• **Dataset excerpt**
○ ○ ○
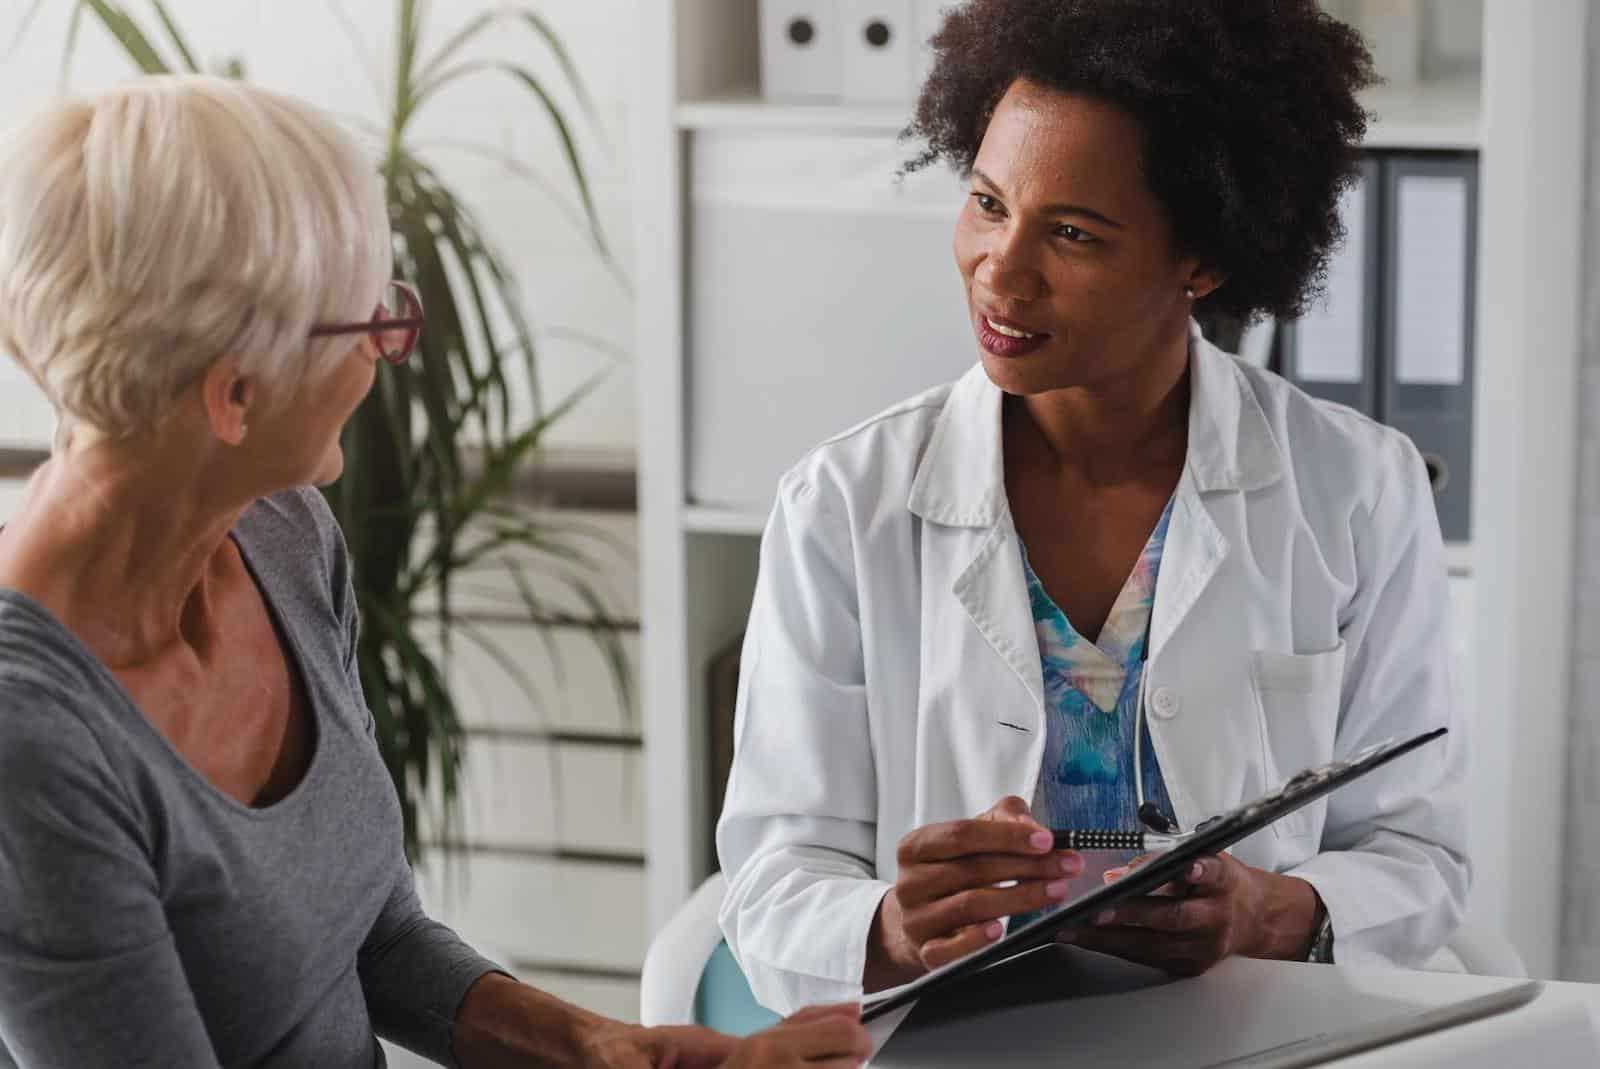 Autoimmune Specialist: Doctor and patient talking
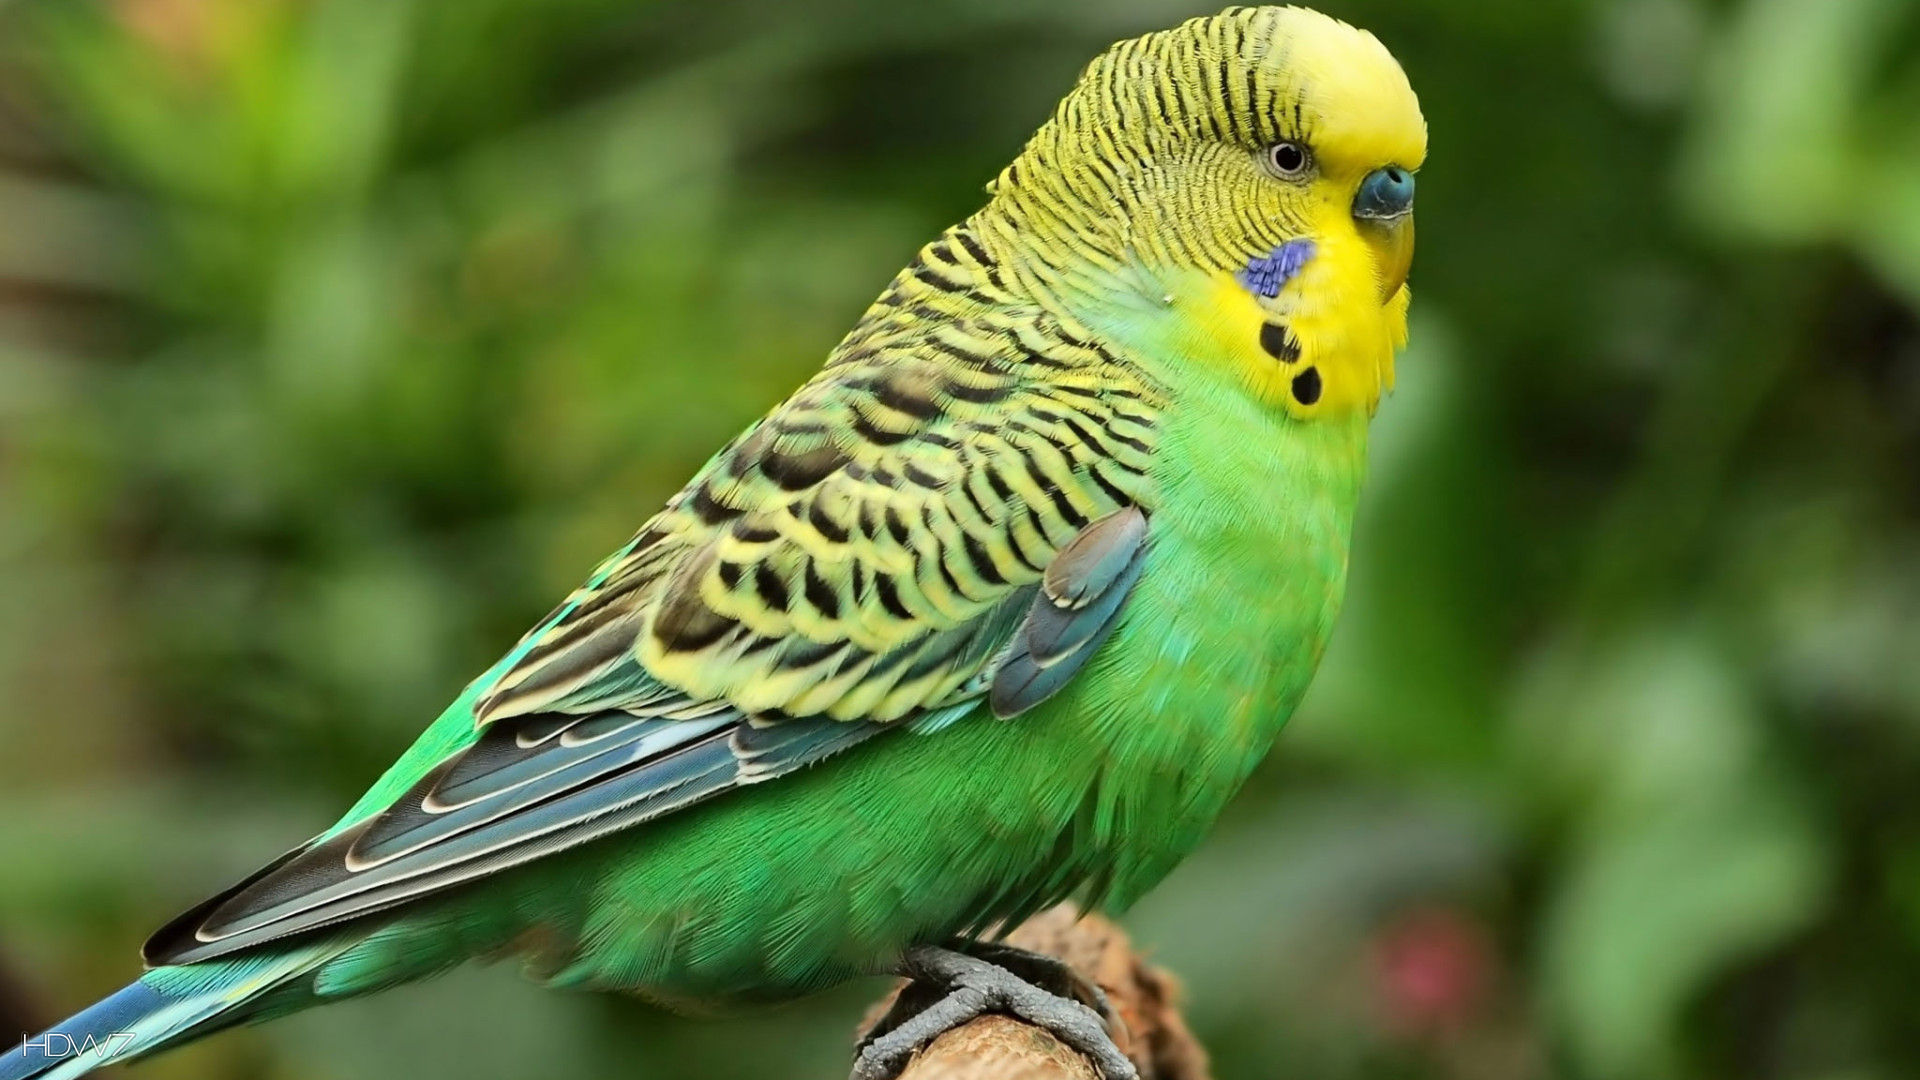 budgie-melopsittacus-undulatus-bird-nice-green
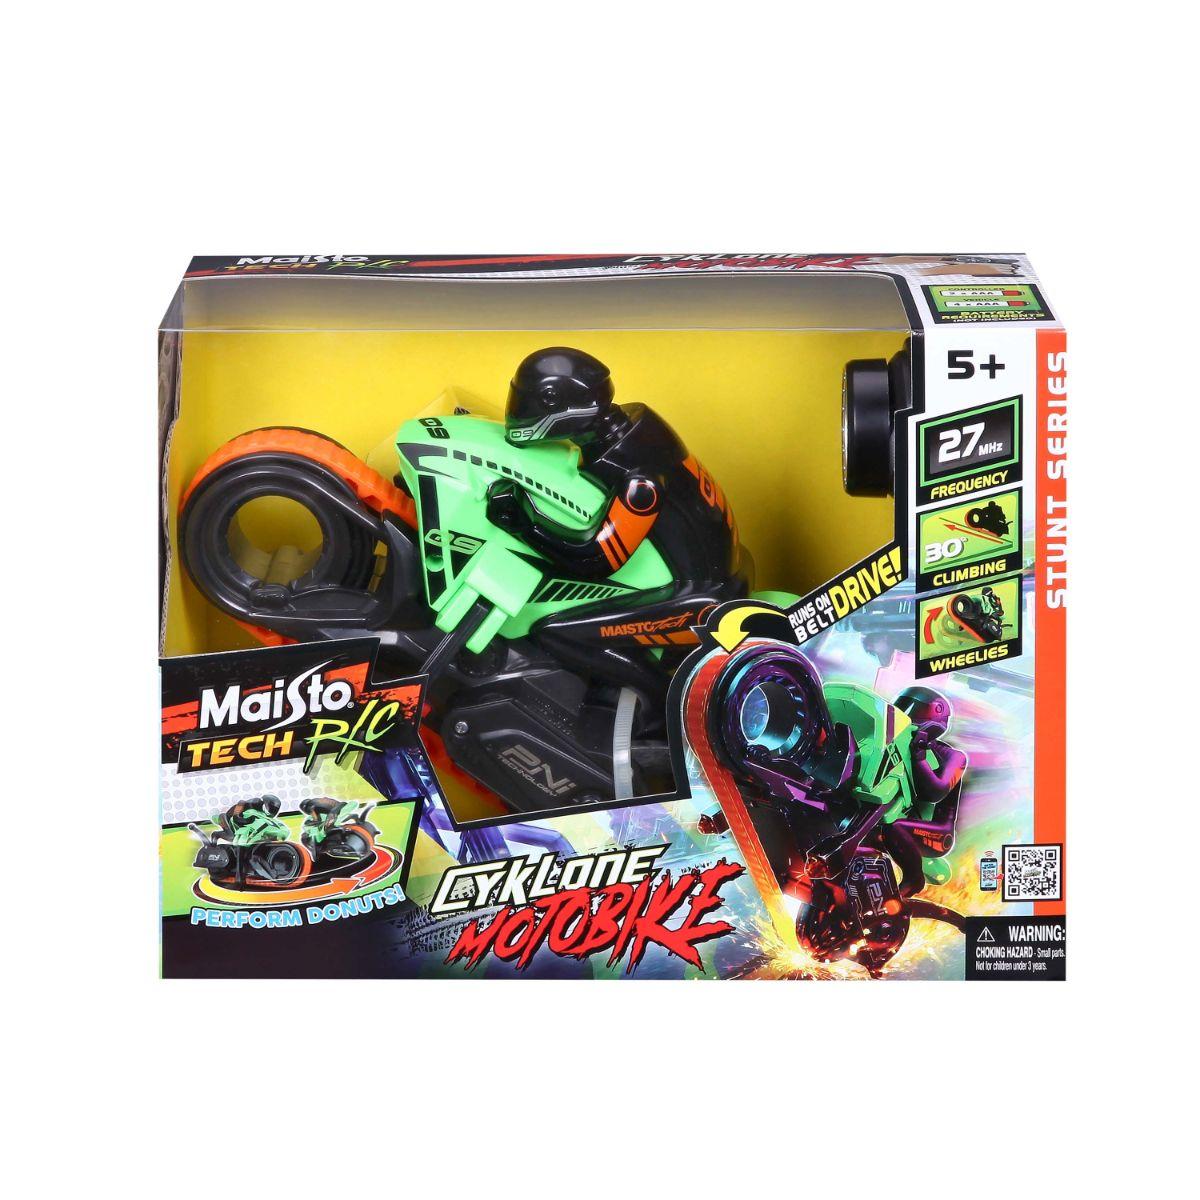 Motocicleta cu telecomanda, Maisto, Tech Cyklone Motobike, verde
○ ○ ○
• **Exercise**
Quote verbatim the final run of lines in the material above, from the line that contains "budgie-melopsittacus-undulatus-bird-nice-green" through the very last line, excluding any pictures.

• **Solution for this problem**
 budgie-melopsittacus-undulatus-bird-nice-green
 Motocicleta cu telecomanda, Maisto, Tech Cyklone Motobike, verde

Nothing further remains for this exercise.